Spoiler: sì. Le indagini la portano a scoprire che la prima moglie non è stata uccisa, ma che si è suicidata con l’arsenico per colpa di Dexter, che conosceva molto bene sia Eustace sia la moglie, perché era un vecchio amico di Eustace. Dexter, follemente innamorato della signora MacAllan, getta benzina sul fuoco ai dubbi che riguardano l’amore del marito nei suoi confronti, finché non la convince a leggere alcune pagine del suo diario, in cui emerge la verità dei suoi sentimenti: egli non la ama. Quella rivelazione è un fulmine a ciel sereno per Sarah, ma ciò che la fa stare ancora più male e che la porta al suicidio è il senso di colpa per aver aperto quel diario e, di conseguenza, per essersi fatta condizionare da Dexter, che continua a opprimerla con le sue dichiarazioni di amore e con un bieco ricatto. Sarah, allora, scrive una lettera al marito in cui confessa tutto, compresa la volontà di uccidersi con il veleno. La lettera diventa l’unico mezzo per scagionare chiunque fosse stato accusato di omicidio, ma – indovinate un po’ – di questa lettera non si sapeva nulla perché era stata nascosta. Valeria la ritrova in pessime condizioni e riesce a farla “ricostruire”, arrivando alla verità e potendo cancellare la macchina che il marito si porta dietro.

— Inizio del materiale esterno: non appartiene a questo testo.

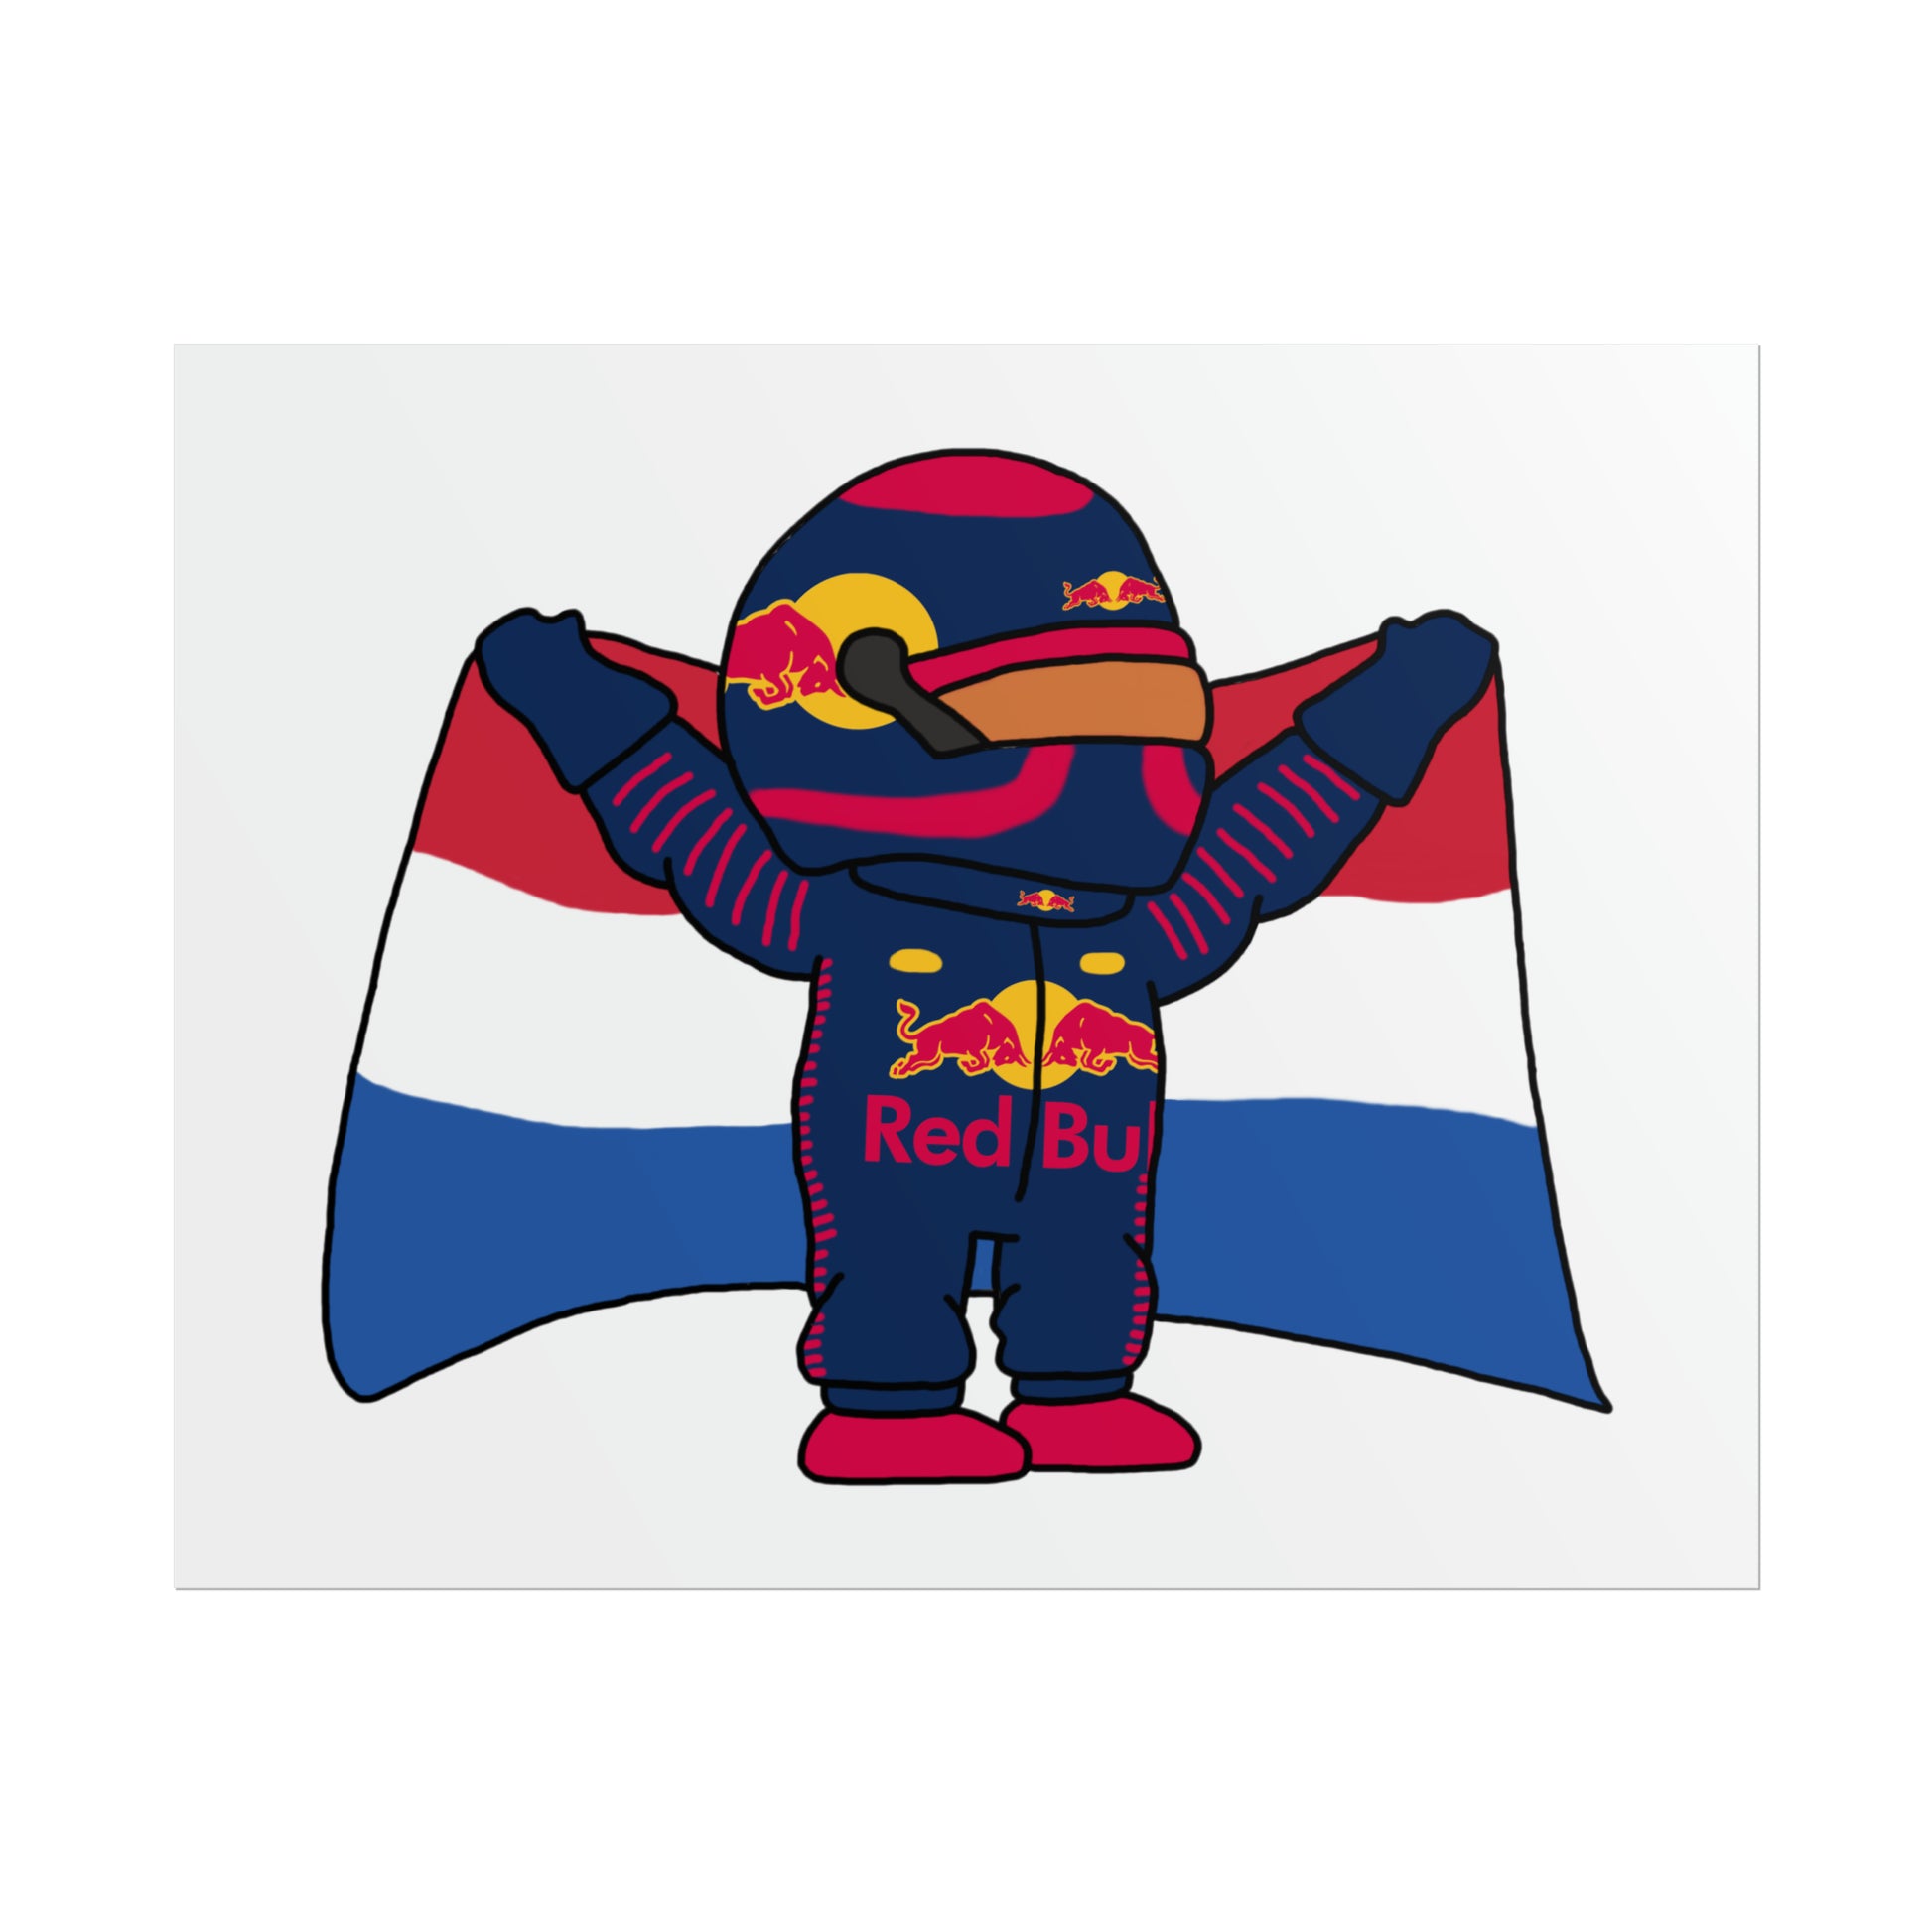 NeVerStappen Red Bull Formula 1 F1 Max Verstappen Poster Next Cult Brand F1, Max Verstappen, Red Bull

L’elemento del veleno non è un caso per un romanzo vittoriano. Le condizioni di vita erano degradanti e sudice, anche per le classi sociali più ricche, che, anzi, dovevano “rispettare” canoni di esteriorità rigidi. Per questa ragione molti, ma soprattutto le donne, assumevano piccole dosi di arsenico per ottenere il cosiddetto “pallore d’arsenico”, che conferiva all’incarnato un colorito pallido, simbolo di purezza e ben visto dalla società. L’arsenico non era difficile da trovare, era presente in ogni casa, perché si usava contro i topi e per “igienizzare” i letti. Sebbene una bottiglia vuota di veleno avrebbe fatto sospettare qualunque medico o detective, sarebbe stato facile giustificarsi con un uso eccessivo per combattere qualche infestazione di topi. Così, il veleno diventa la perfetta arma del delitto, adottata da qui in poi per qualsiasi giallo poliziesco.

Alessandra Tiesi

Fonti

Wilkie Collins, La legge e la signora, Fazi Editore.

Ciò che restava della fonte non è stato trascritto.